A copy of the Billion Year Archive, a vast collection of human knowledge recorded on a small but durable disc, has been hurtling toward the moon on the spacecraft Beresheet since its launch on Feb. 22. Paul Jones, Professor at the UNC School of Information and Library Science (SILS), helped curate the contents of the “Lunar Library,” which contains all of the ibiblio-hosted Project Gutenberg, all of the English language Wikipedia, and data for understanding over 5,000 languages.

Paul Jones, SILS Professor and Arch Mission
Foundation advisor

Jones is an advisor to the founders of the Arch Mission Foundation, an organization that designs, builds, and maintains long-term archives meant to preserve and disseminate humanity’s most important knowledge across time and space.
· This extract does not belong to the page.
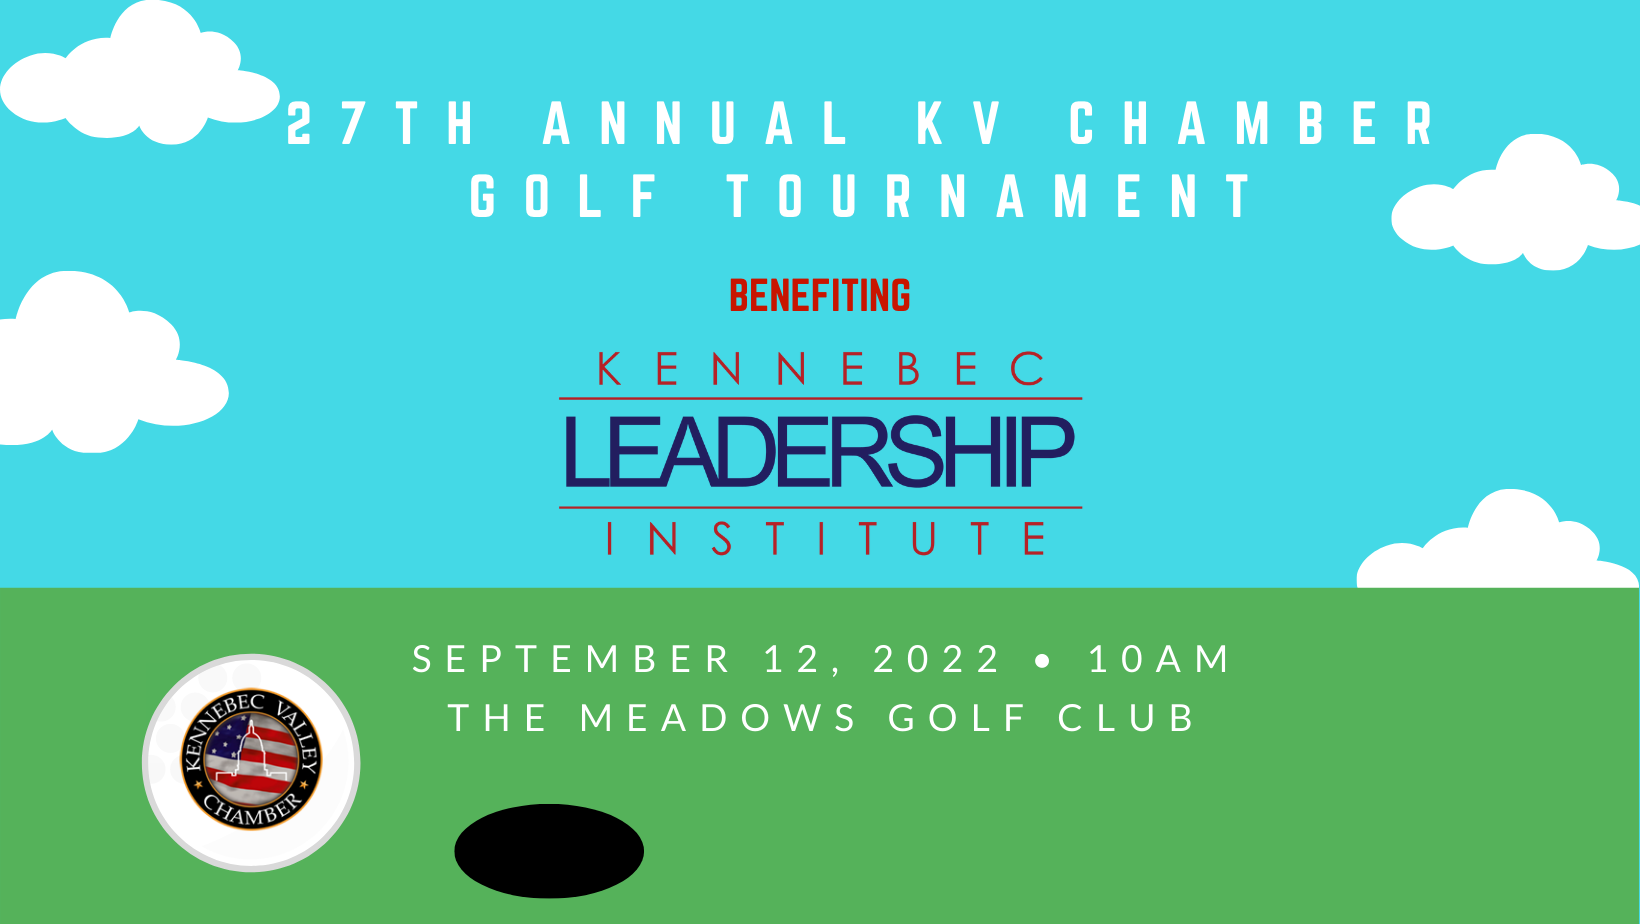 26th Annual KV Chamber Golf Tournament - benefitting Kennebec Leaership Institute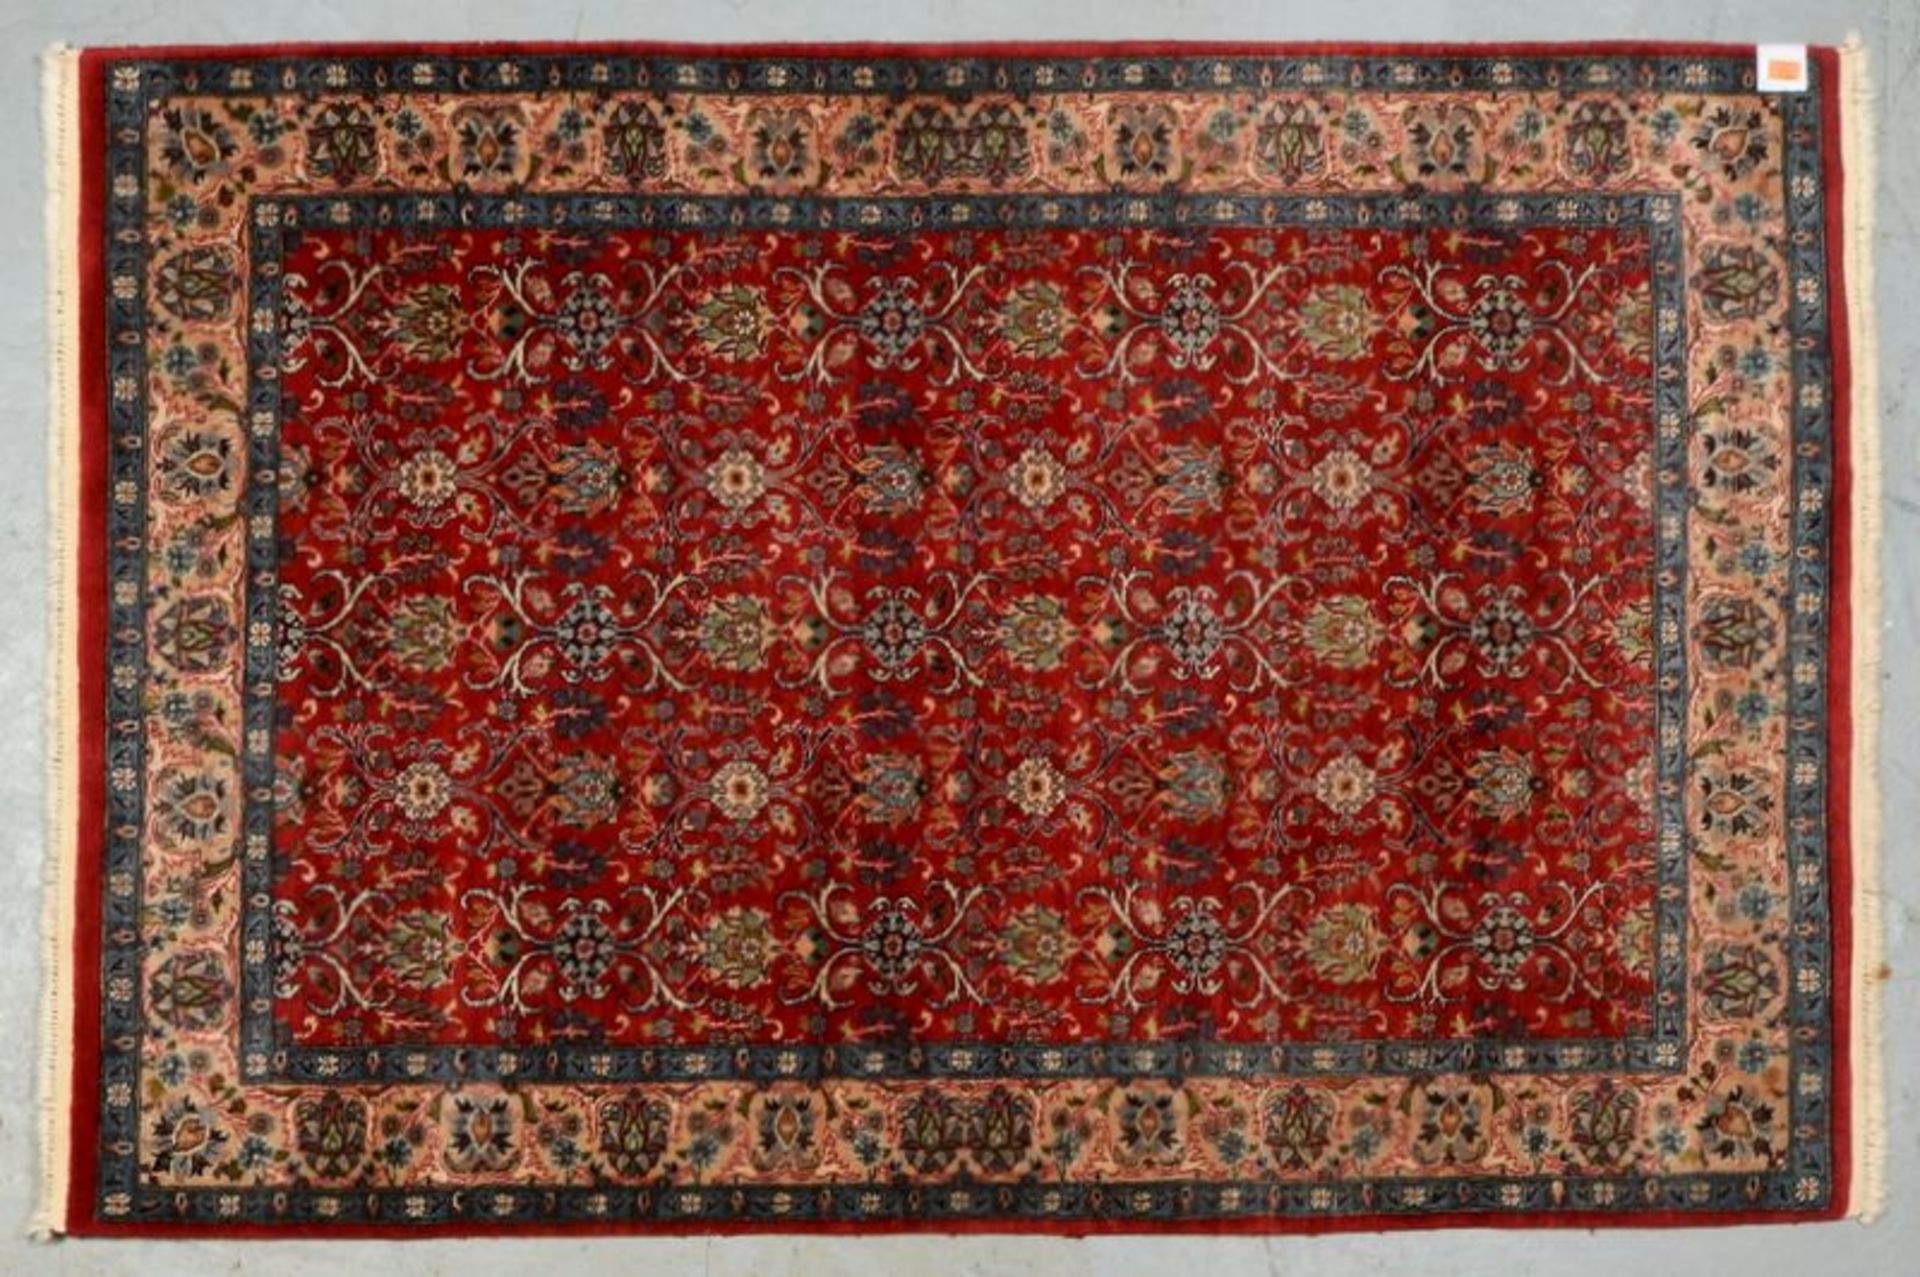 Orientteppich (Lahore/Pakistan), feine feste Knüpfung, durchgemustert, hochflorig - dichter Flor;

Thanks to Jones’ involvement, SILS recently became a named partner on the foundation’s website.

For Beresheet, the Arch (pronounced Ark) Mission Foundation used nanotechnology to produce a special 25-layer nickel disc that is expected to survive on the moon for a billion years.

“This is the largest set of knowledge ever stored in a single object of this scale,” said Nova Spivack, co-founder of the Arch Mission Foundation. “It will also be the largest amount of human knowledge landed on another planetary object.”

SpaceIL, an Israeli nonprofit aiming to land the first privately funded spacecraft on the moon, launched Beresheet from Cape Canaveral, Fla. If all goes according to plan, Beresheet and the Billion Year Archive will land on the moon on April 11, almost exactly 50 years after humans took their first steps on the lunar surface.